Der alte Leasingvertrag wäre jedoch im Frühjahr ausgelaufen, so dass der neue Bürgermeister bei seinem Amtsantritt am 1. Mai kein Dienstfahrzeug gehabt hätte. Und diese Situation hätte sich bis in den Sommer gezogen, weil die entsprechende Beantragung drei Monate dauert. „Das wäre gewesen, als wenn zum Dienstantritt kein Schreibtisch dasteht“, meint der Ex-Rathauschef.

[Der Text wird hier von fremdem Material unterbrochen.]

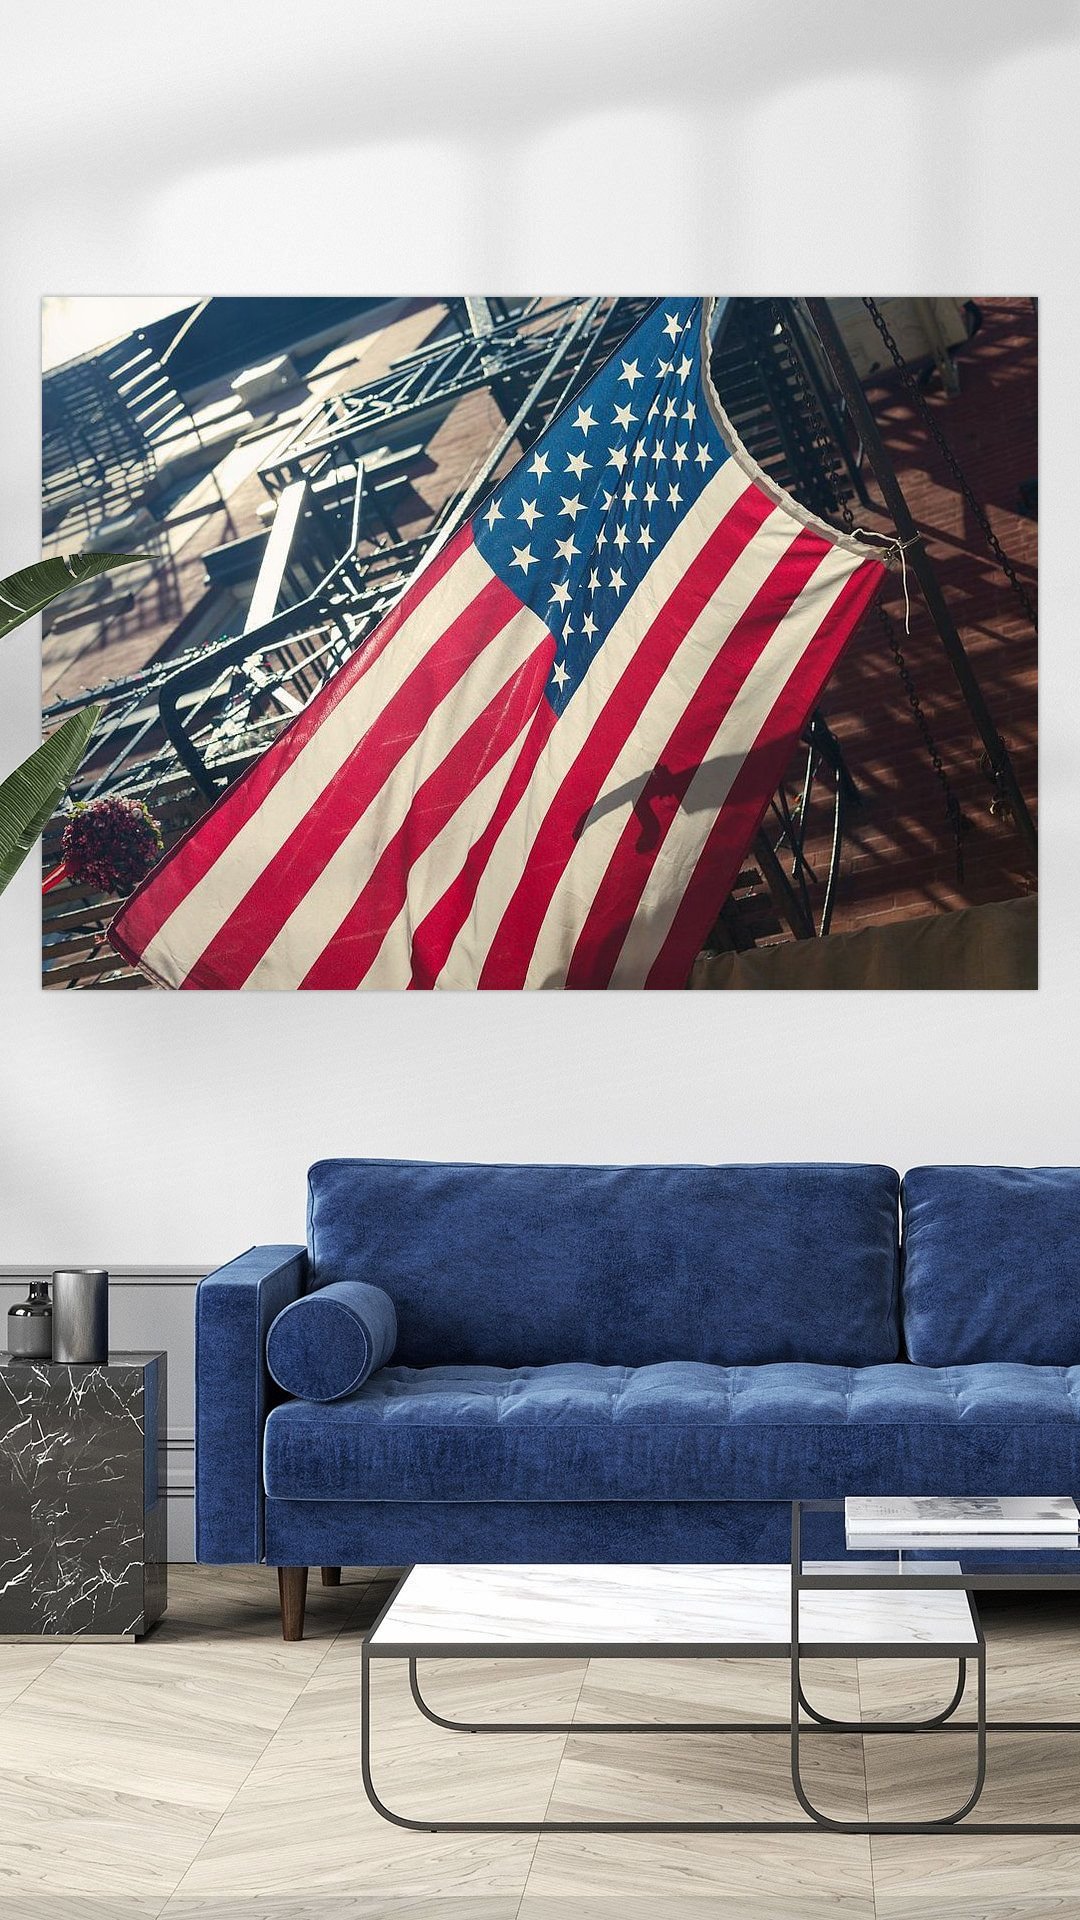 Werk aan de Muur-730519-Vlag USA New York-Marcel Kerdijk-1080x1920-Livingroom - Touch of Blue-instagramReel.jpg

„Für mich war klar, dass wir den (Vertrag – Anmerk. d. Red.) fortsetzen“, blickt Iacob auf die Situation zurück, als die Leasing-Firma auf ihn zugekommen sei. Diese Entscheidung sei allerdings mitten in der Corona-Krise gefallen – einer „äußerst turbulenten Zeit“ für die Stadtverwaltung. „Mag sein, dass wir nicht berücksichtigt haben, dass der Vertrag durch den Stadtrat gehen muss. Ich habe das als verlängerten Vertrag gesehen. Aber das war eine neue Sache. Die hätte durch den Stadtrat gehen müssen“, zeigt sich der ehemalige Rathauschef einsichtig.

Dadurch sei der Stadt aber kein Schaden entstanden, weil der neue Vertrag unter den gleichen Konditionen geschlossen wurde wie der alte – und für den habe das Kommunalparlament seinerzeit grünes Licht gegeben.